To solve the problem, we are going to use Hess’s law. To do so, we will simply perform mathematical operations on both the given equations to simplify them in the form of the required one. 

Hess’s law: The total enthalpy changes tends to become equal when a reaction occurs by multiple paths and the first and last conditions are equal.

For solving the question using Hess’s law, follow the below-mentioned steps. 

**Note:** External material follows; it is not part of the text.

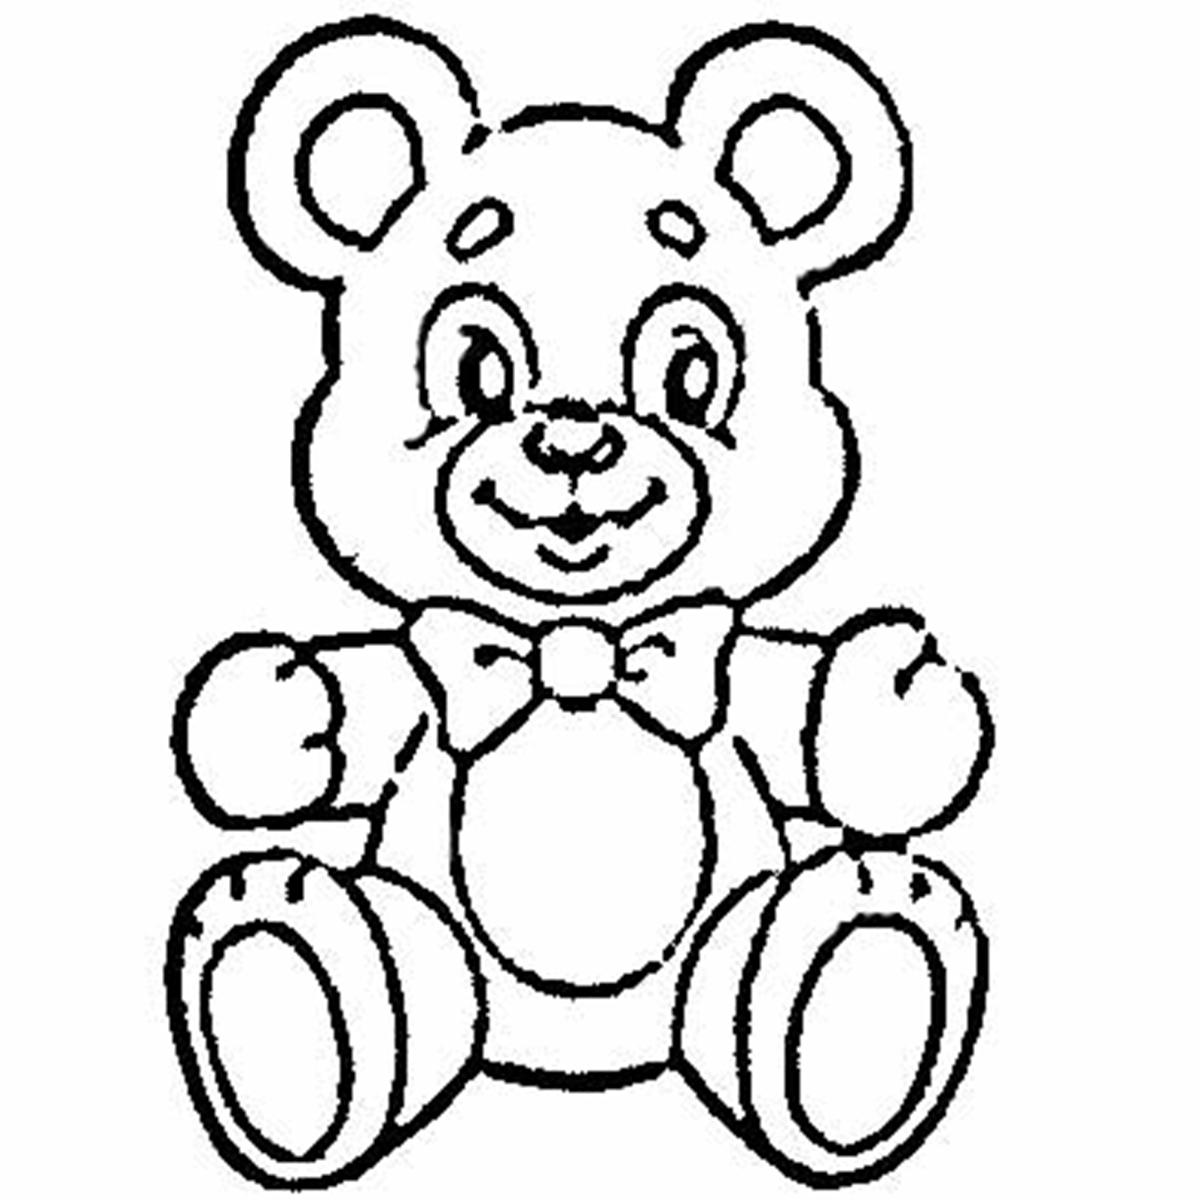 Раскраски Мишка скачать и распечатать бесплатно, рисунки ... Пасха Рисунки Карандашом

\({\bf{Sb(s)  + }}\frac{{\bf{3}}}{{\bf{2}}}{\bf{C}}{{\bf{l}}_{\bf{2}}}{\bf{(g)}} \to {\bf{SbC}}{{\bf{l}}_{\bf{3}}}\left( {\bf{g}} \right){\bf{                 \Delta {\rm H}}}_{{\bf{298K}}}^{\bf{^\circ }}{\bf{ =   - 314kJ}}\)

\({\bf{SbC}}{{\bf{l}}_{\bf{3}}}\left( {\bf{g}} \right){\bf{ + C}}{{\bf{l}}_{\bf{2}}}{\bf{(g) }} \to {\bf{ SbC}}{{\bf{l}}_{\bf{5}}}\left( {\bf{g}} \right){\bf{               \Delta {\rm H}}}_{{\bf{298K}}}^{\bf{^\circ }}{\bf{ =   - 80kJ}}\)

multiplying equation (1) by 1 and equation (2) by 1 and then adding them,

\({\bf{Sb(s)  + }}\frac{{\bf{5}}}{{\bf{2}}}{\bf{C}}{{\bf{l}}_{\bf{2}}}{\bf{(g)}} \to {\bf{SbC}}{{\bf{l}}_{\bf{5}}}\left( {\bf{g}} \right)\)                        = -394kJ 

Hence, for the reaction \({\rm{Sb(s)   + }}\frac{5}{2}C{l_2}(g) \to {\rm{SbC}}{{\rm{l}}_{\rm{5}}}\left( {\rm{g}} \right)\), the value of change in enthalpy equal to -394 kJ.